文字を書く楽しさが伝わってくる父と子の手書きジャム・セッション。出演はWouters父子。
"abcdefghijklmnopqrstuvwxyz", 04:21
タイトル・クレジット:
"abcdefghijklmnopqrstuvwxyz"
a video by Job & Roel Wouters
recorded in Amsterdam at studio Xelor early 2008
hand 1 Gradus W. Wouters, Amsterdam, the Netherlands, 2003
hand 2 Job Wouters, Leiden, the Netherlands, 1980
directed by Roel Wouters
director of photography: Sal Kroonenberg
music: Rik Elstgeest & Bo Koek
production asst: Ton de Munck
thank you:
Creative Review
Nexus Productions
Sony
note of the director:
'Job and Gradus are both ambitious concerning letters.
Spontanious jam sessions in our studio inspired us to make this film about the fun drawing letters'
"abcdefghijklmnopqrstuvwxyz"は、今年始めにアムステルダムのスタジオXelorで撮影された、Wouters夫妻製作によるビデオ作品である。
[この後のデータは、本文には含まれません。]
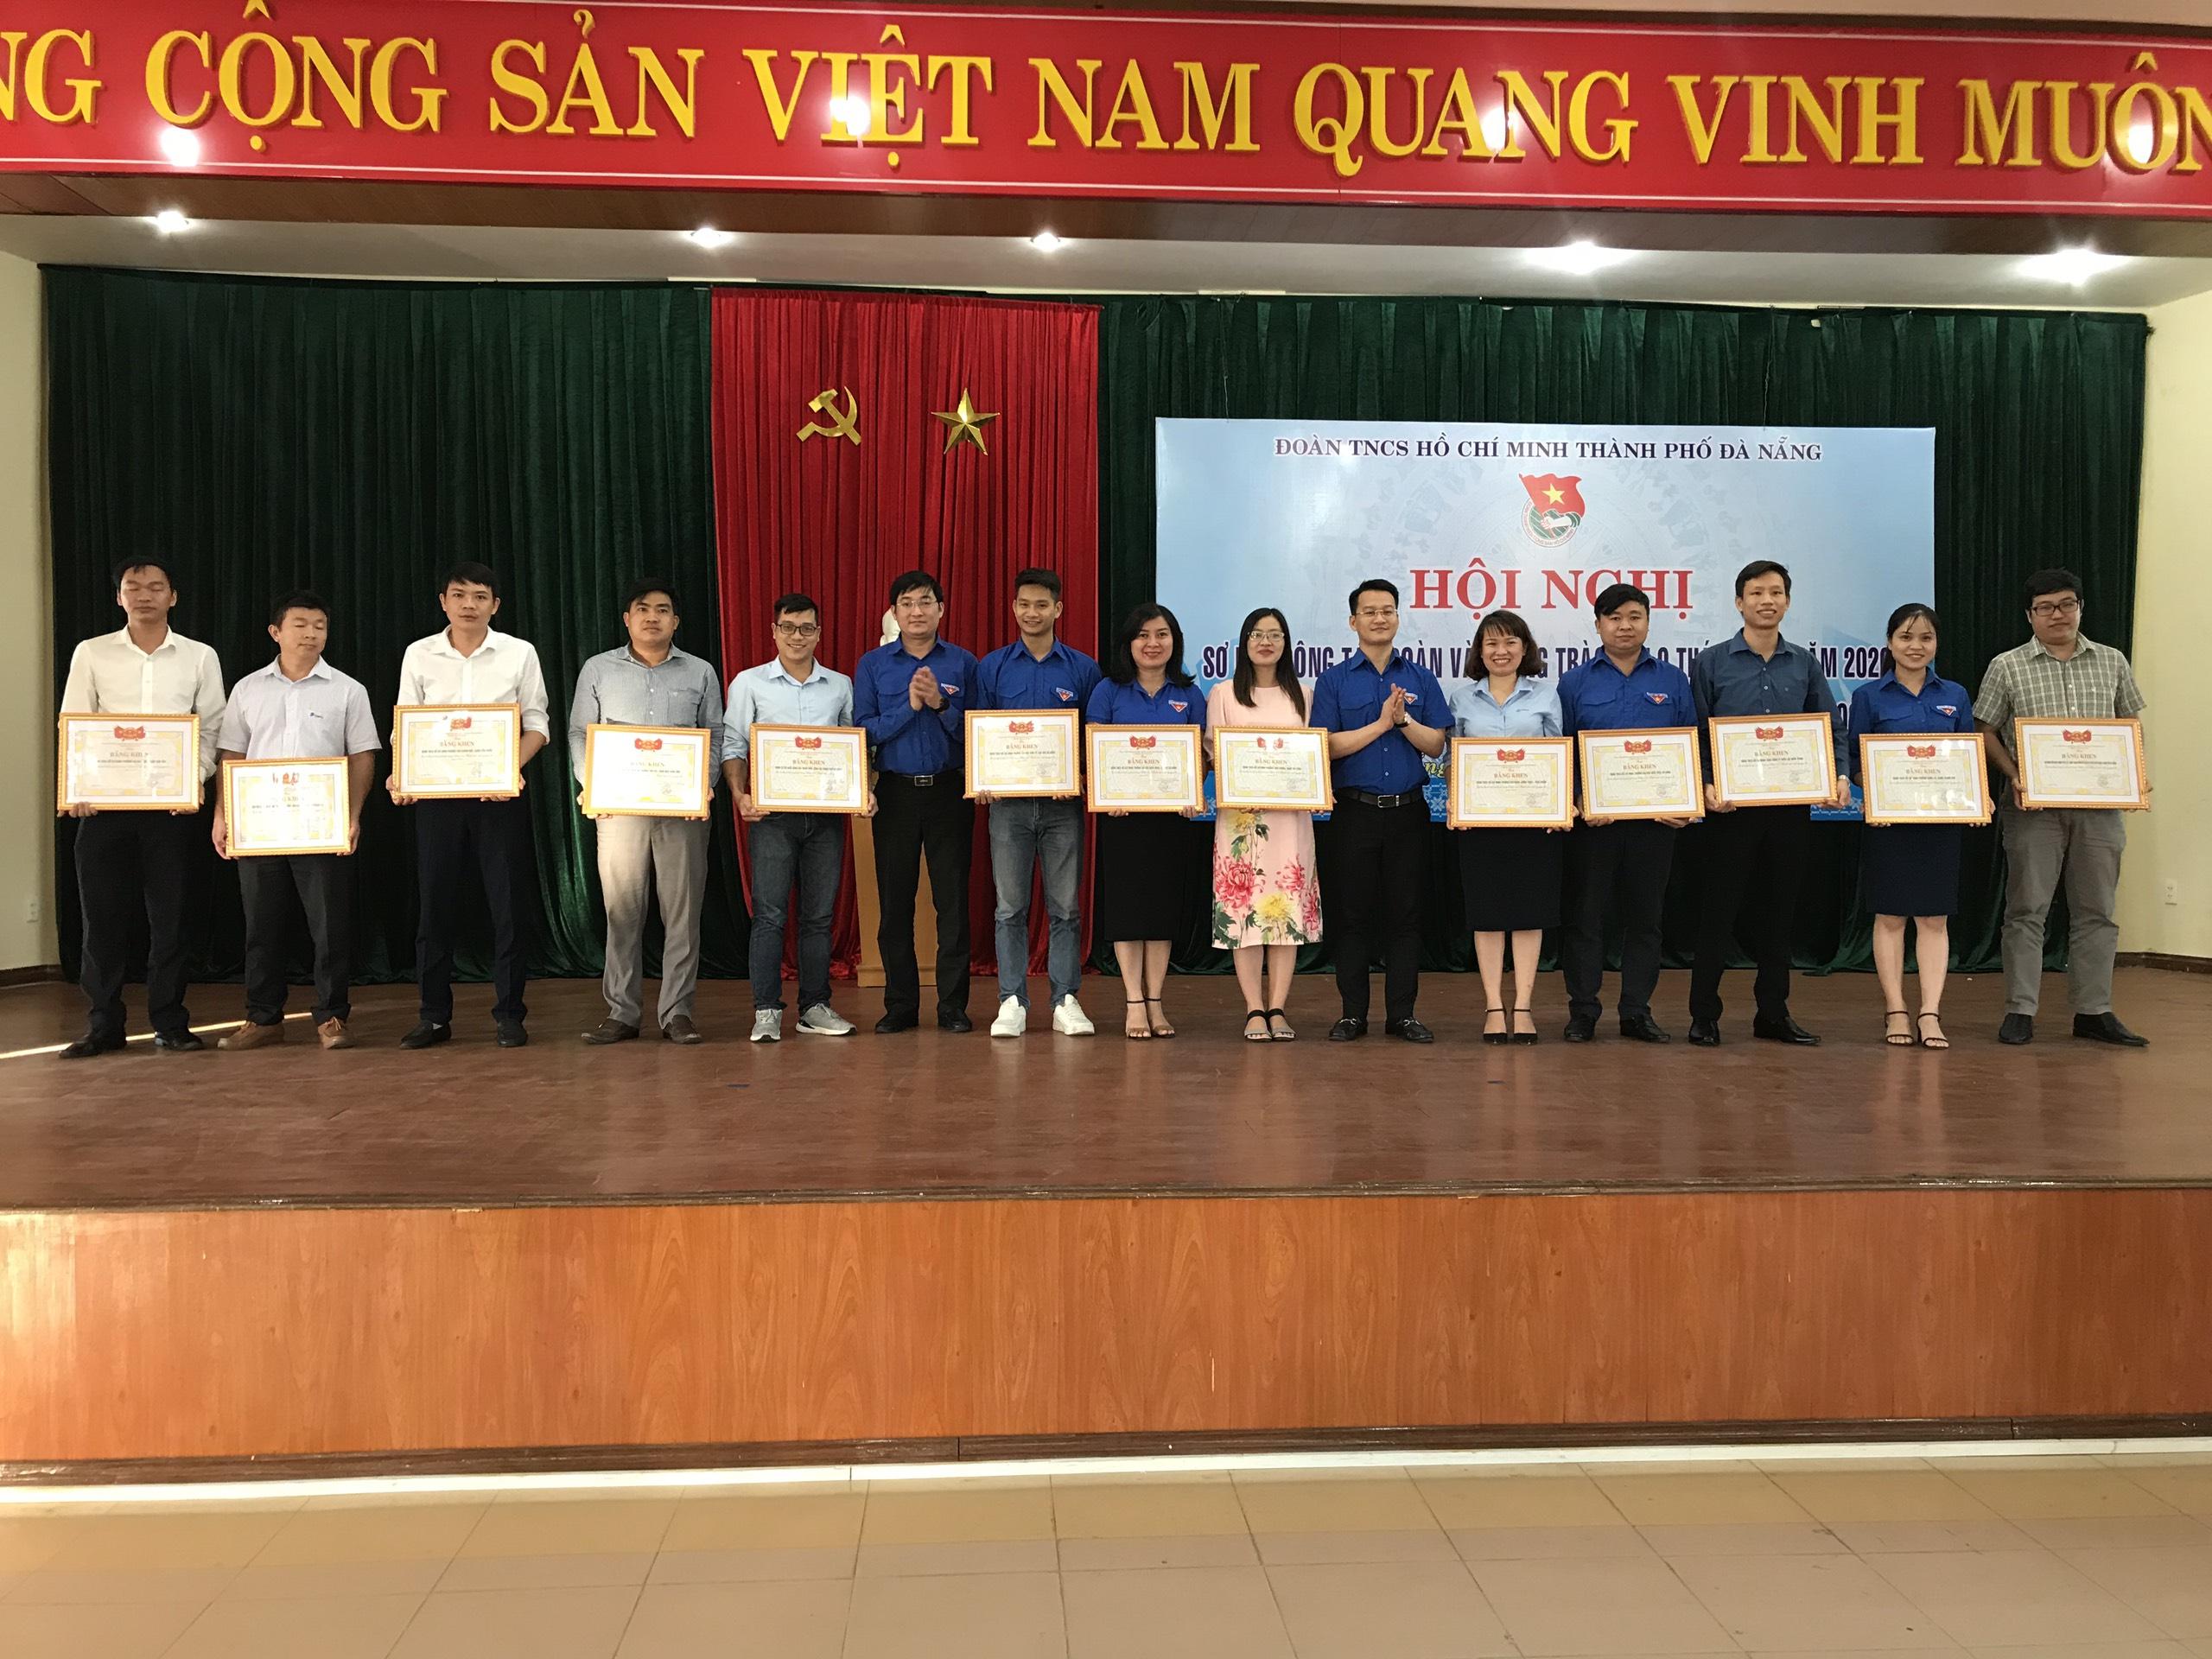 Tổng kết chiến dịch thanh niên tình nguyện hè Đà Nẵng năm 2020

「手1」はまだ4歳の息子グラドゥス、「手2」が父のジョブ。監督は母のロエル。ロエルの注にあるように、そもそも彼女のスタジオXelorで、文字が大好きな父子の間に自然に生まれたジャム・セッションが元になった作品らしい。
ジョブはデザイナー兼カリグラファーのようである。
ロエルはアート・プロデューサーのようである。
"abcdefghijklmnopqrstuvwxyz"は、文字(を書くこと)が大好きな親子の微笑ましい記録として楽しんで見ることもできると同時に、親子の対照的な筆運びと紙に描かれる文字の形の大きな違いに、人間と文字との関わりの歴史の一断面を垣間見た気にもさせられる。特に幼いグラドゥスの稀に逆行する筆運びには、文字が孕む「裸の力」、回転モーメント?を感じさせられた。インドのカリグラファー、ジョーシー(R. K. Joshi)の言う「スペースの自己表現」を連想した(杉浦康平編著『アジアの本・文字・デザイン』asin:4887521960、295頁)。